Richard Baldwin, 46, was charged by the financial regulator this week, Mark Ellison, a lawyer for the FSA, said at a court hearing in London today. He faced three charges relating to insider dealing and acquiring money “being the proceeds of crime,” according to the indictment.
“The allegations are denied,” Colin Nott, Baldwin’s lawyer a solicitor at Hallinan, Blackburn, Gittings & Nott in London, said in a telephone interview.
The charges stem from an investigation into the front-running of block trades, known as Operation Tabernula, Latin for little tavern. The FSA arrested seven people and raided 16 addresses in London and southeast England in March 2010 as part of the crackdown.
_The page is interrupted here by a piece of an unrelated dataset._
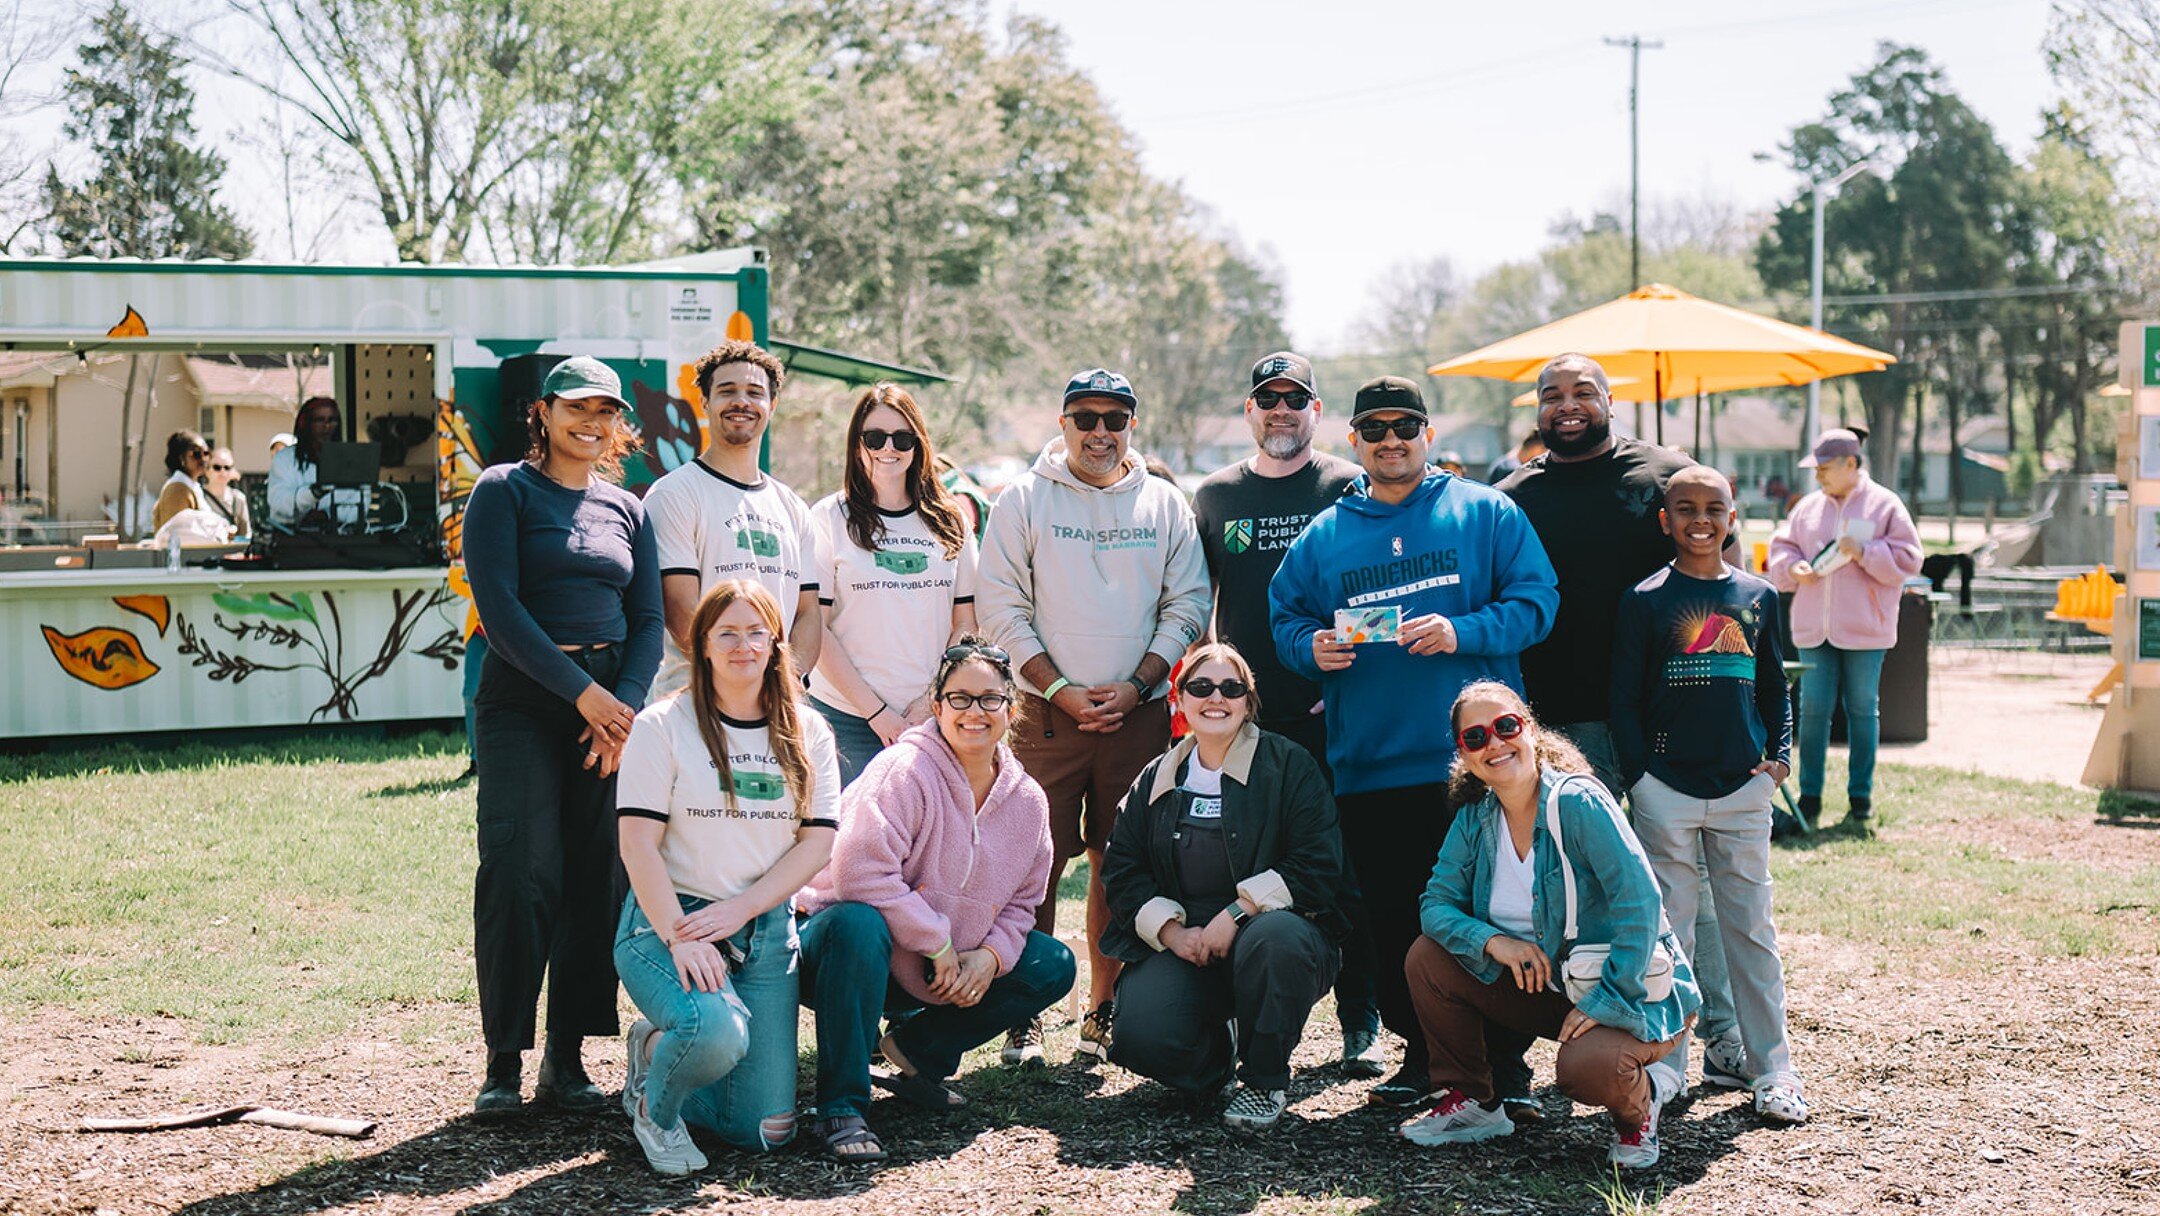 Who doesn&rsquo;t love a good green space? As part of Dallas&rsquo; new Greening Initiative which aims to reduce the park equity gap throughout Dallas neighborhoods, we are working alongside @trustforpublicland, @betterblock, and Dallas Parks and Rec

Two more arrests came later.
Former Deutsche Bank AG Managing Director Martyn Dodgson was among four people charged with insider trading by U.K. authorities in the case in October after an investigation spanning two-and-a-half years.
Dodgson, who was employed by Deutsche Bank at the time of his arrest in March 2010, as well as Andrew Hind, Benjamin Anderson and Iraj Parvizi were charged with “conspiracy to insider deal” between Nov. 1, 2006, and March 23, 2010, the FSA said in October. The agency alleges the men made more than 3 million pounds ($4.9 million) on improper trades.
Tabernula, conducted along with the U.K. Serious Organised Crime Agency, is the “largest and most complex insider dealing investigation to date,” the regulator has said. Those arrested in 2010 include Julian Rifat of Moore Capital Management LLC, Clive Roberts, the head of European sales trading at Exane BNP Paribas and Novum Securities Ltd.’s Graeme Shelley. Rifat, Roberts and Shelley haven’t been charged.
The FSA said at the time of the first arrests in the case that it believed “city professionals passed inside information to traders -- either directly or via middlemen -- who traded on this information and have made significant profits.”
The regulator conducted more searches in April 2011. A ninth suspect, Paul Milsom, then a trader at Legal & General Group Plc’s investment-management arm, was arrested by the FSA in February.
Front-running is a practice in which a trader takes a position to capitalize on advance knowledge of a transaction large enough to influence the price of securities. Bankers often alert select money managers to planned sales of securities before companies publicly disclose them. The guidance they get from fund managers helps underwriters measure demand for the securities so they can price them properly.